La ciencia intenta desvelar los misterios del escalofrío
En su versión positiva, el escalofrío es breve, agradable y muy intenso, y podría servir para conciliar opuestos emocionales cuya ‘fusión’ nos descoloca
Suele ocurrir cuando una canción o una película nos tocan la fibra sensible. También al recordar eventos (heroicos, altruistas…) que echaron sólidas raíces en nuestra memoria. O al vivir instantes personales intensos, como un abrazo muy sentido, un abrumador sentimiento de pertenencia, o una poderosa conexión con otros seres o con la inmensidad de la naturaleza. A veces, el estímulo que los provoca se antoja melancólico. Puede incluso que contenga cierta dosis de desamparo. Pero la respuesta fisiológica nos resulta tan placentera como esquiva al tratar de explicarla.
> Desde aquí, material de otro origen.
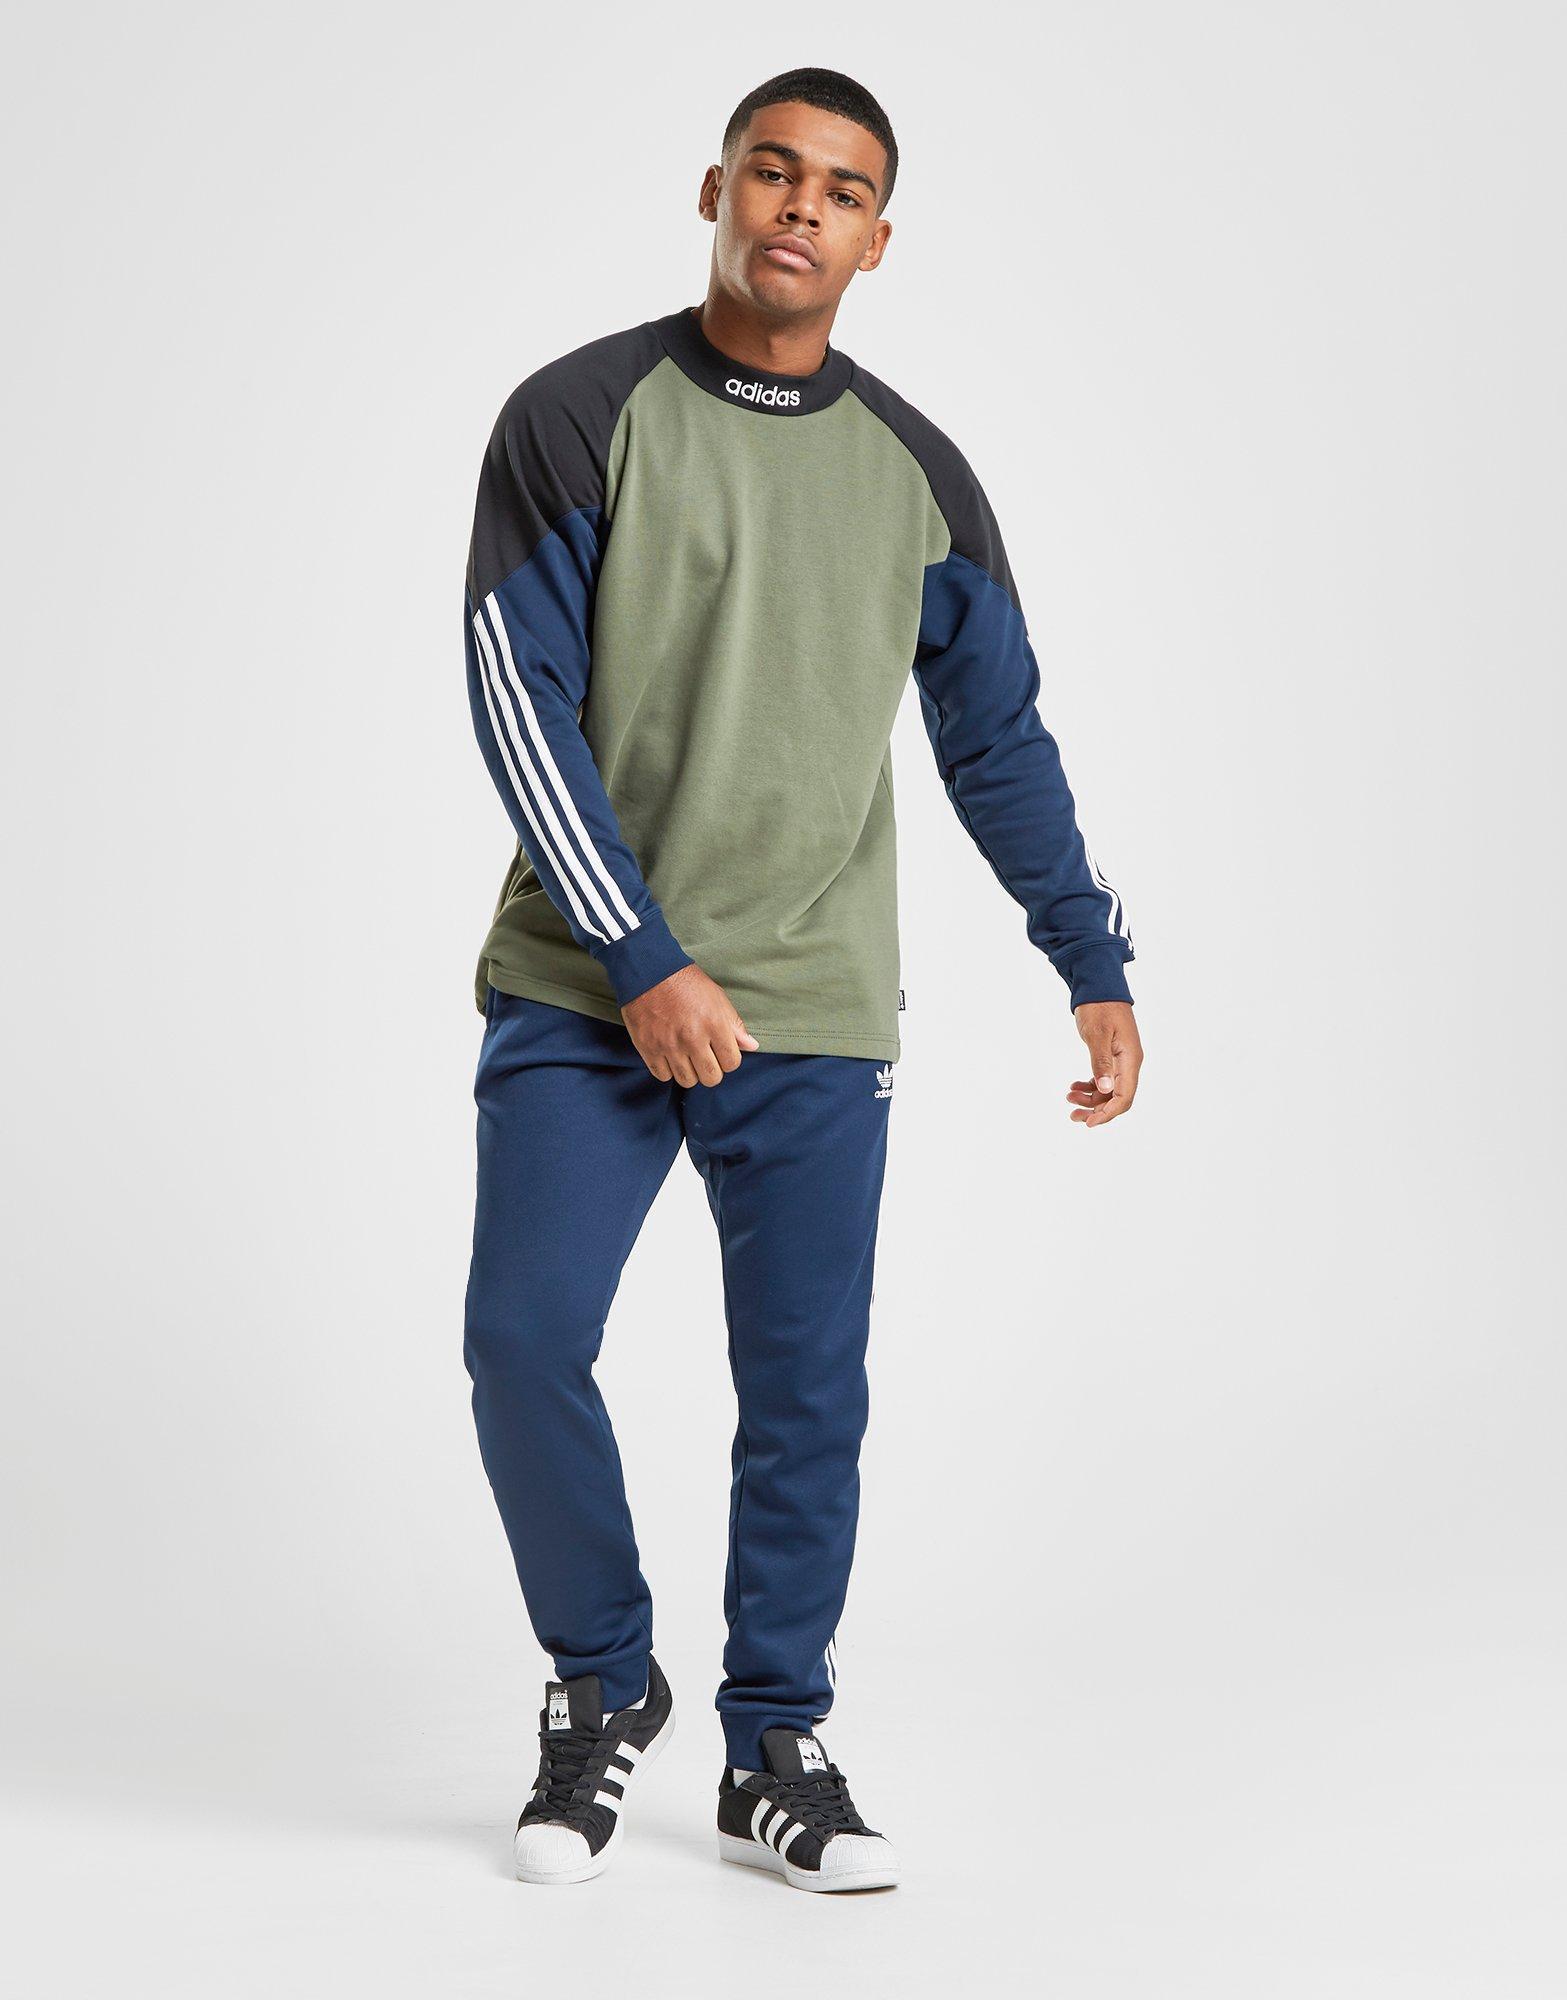 4d4140fbf5b adidas Goalie Fleece Top in Green for Men - Lyst

Su manifestación externa son los pelos de punta (piloerección) y un leve estremecimiento. Más subjetivamente, el escalofrío estético —así lo llama la literatura para diferenciarlo de su reverso negativo, el que emerge en el terror, o del puramente físico, que aparece cuando tenemos fiebre— admite un sinfín de descripciones. Una de cientos posibles: fogonazo de cosquilleo glacial que nos atraviesa la espalda y se extiende por el resto del cuerpo. Hay quien lo asemeja a un mini orgasmo. O a un éxtasis místico y fugaz. La poesía lleva milenios intentando capturar su esencia. Y la ciencia, décadas procurando desentrañar su misterio.
Félix Schoeller, del Instituto para los Estudios Avanzados de la Conciencia, con sede en California, ha focalizado su trabajo en responder a las preguntas que suscitan estos tsunamis de emocionalidad desatada. Algunas, esperables: ¿Cuáles son sus detonantes más comunes? Otras, de formulación sorprendente, incluso visionaria: ¿Pueden sus agradables sensaciones ayudar a personas con problemas de salud mental? Él y sus colaboradores han creado ChillsDB, una base de datos con música, películas y discursos especialmente proclives a ponernos la piel de gallina. El repositorio mereció en 2022 un artículo en la revista Nature. Miles de californianos han sido expuestos a sus contenidos. Modelos de machine learning, explica Schoeller por videollamada, van afinando el tiro. “Queremos producir el mayor número de escalofríos posible. Y cada vez sabemos mejor cómo hacerlo según la personalidad, las características demográficas y el estado concreto del individuo”, asegura.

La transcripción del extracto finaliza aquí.